Are politics rather than principles driving Facebook’s decisions?


Facebook said it didn’t want to make important policy decisions on its own. Then why did it make these important policy decisions alone and in secret?


These questions are important because Facebook is not an ordinary company. Whether we are aware of it or not, the ways the company designs its online hangouts shape how we behave and what we believe.


In an extreme example, Facebook has acknowledged that it failed to prevent its social network from being used to incite a genocide in Myanmar. That’s why it’s crucial that Facebook makes good policy choices in fair-minded and transparent ways.


On the first question, The Wall Street Journal reported that Facebook decided not to make most of the suggested changes aimed at reducing the spread of divisive content in part because more material from the right than the left would have been affected, and the company was worried about triggering claims (again) that the company was biased against conservatives.


Some people at Facebook also said they believed that similar fears were behind Facebook’s light touch on policing political speech in advertisements and posts.

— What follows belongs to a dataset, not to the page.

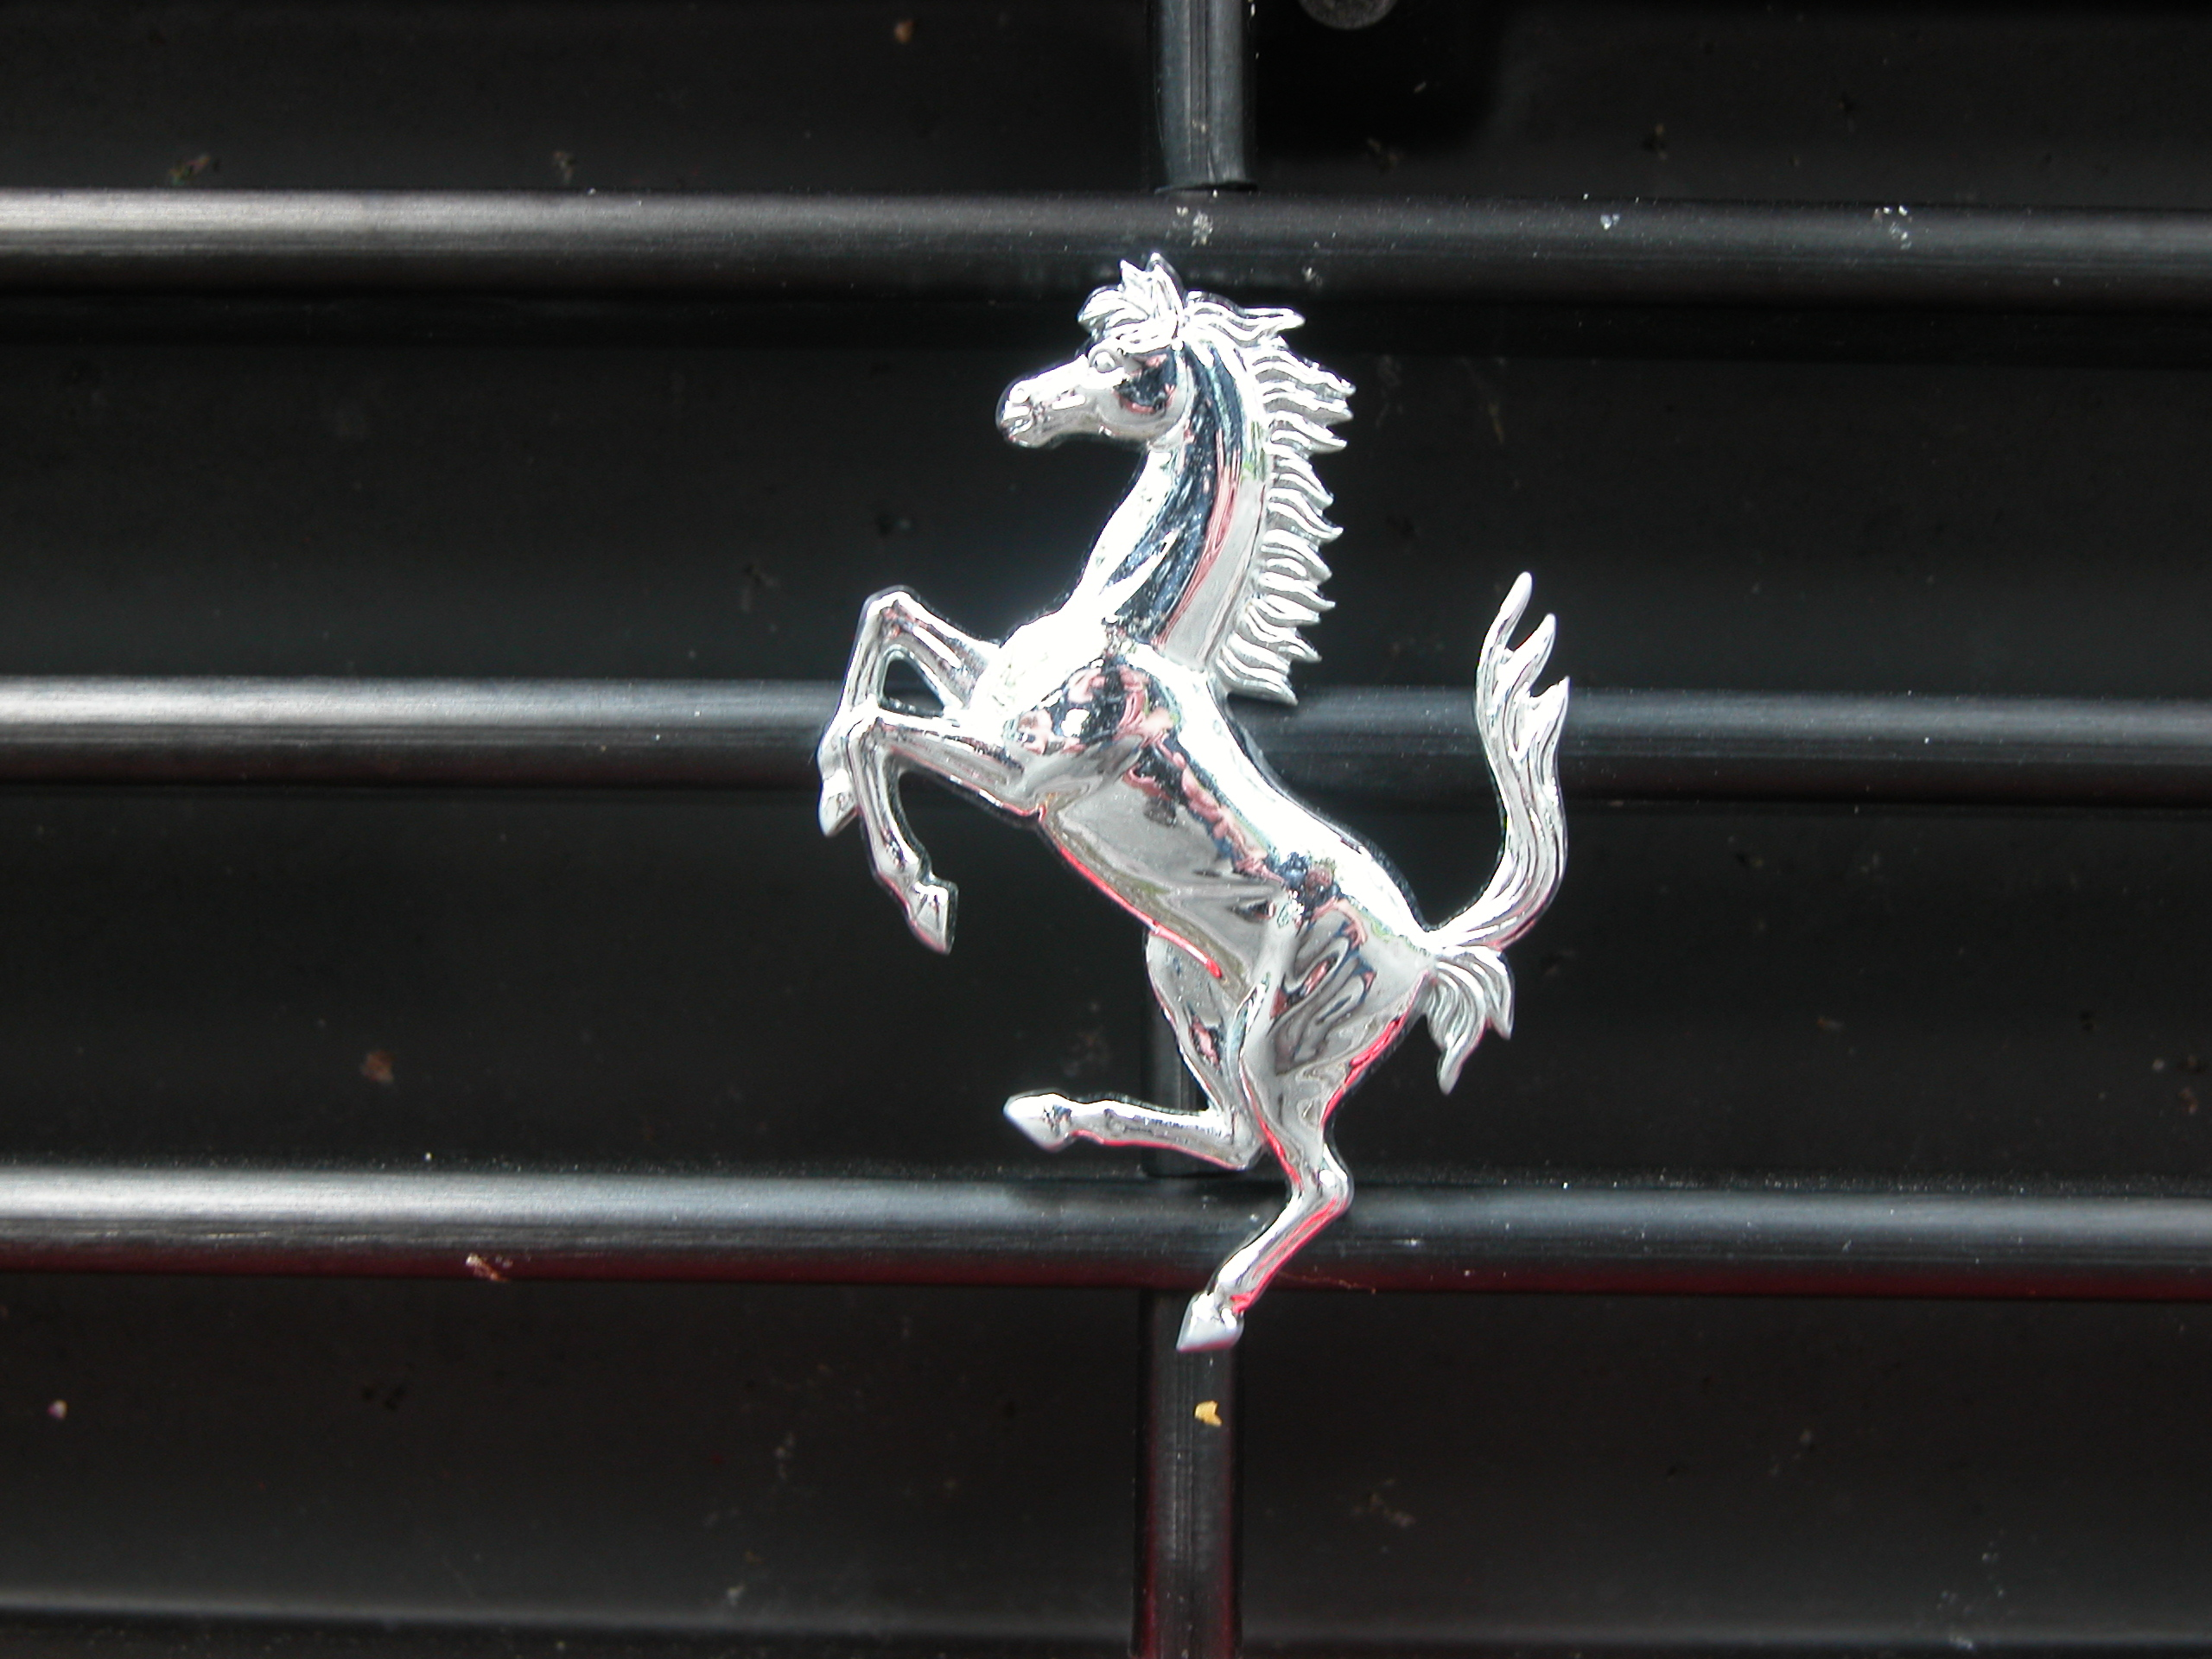 signs objects brand logo ferrari horse chrome

If Facebook made these decisions on the merits, that would be one thing. But if Facebook picked its paths based on which political actors would get angry, that should make people of all political beliefs cringe.


This is not a partisan point. Facebook is obsessed with staying in the good graces of people with power, period. This is natural, to a point. (President Trump’s anger at Twitter for adding fact-checking notices to two of his tweets this week shows there are consequences to such decisions.) But there should be a line between understanding the political reality and letting politics dictate what happens on your site.


People at Facebook say the company doesn’t bend to politics. And Facebook in a blog post on Wednesday detailed its investments and changes that it said were intended to reduce polarization.


It also unnerves me that multiyear research into Facebook’s impact on the world stayed entirely inside its walls. What happens at Facebook is too important to stay secret.


Five years ago, Facebook’s chief executive, Mark Zuckerberg, touted research by its data scientists that found that the social network doesn’t worsen the problem of “filter bubbles,” in which people see only information that confirms their beliefs. The public could evaluate the data and discuss an important question affecting much of our society.


Now, big-picture discussions about Facebook’s impact are confined to internal posts or company conference rooms.


This is the opposite of Facebook’s stance that it wants input from lawmakers and the public about important topics like what speech is harmful and how to prevent cyberattacks. It also runs counter to Facebook’s efforts to work with independent fact checkers and create a quasi-independent board to adjudicate disputes over posts that violate the company’s rules.


“People shouldn’t have to rely on individual companies addressing these issues by themselves,” Zuckerberg wrote in an opinion piece for the Washington Post last year. “We should have a broader debate about what we want as a society and how regulation can help.”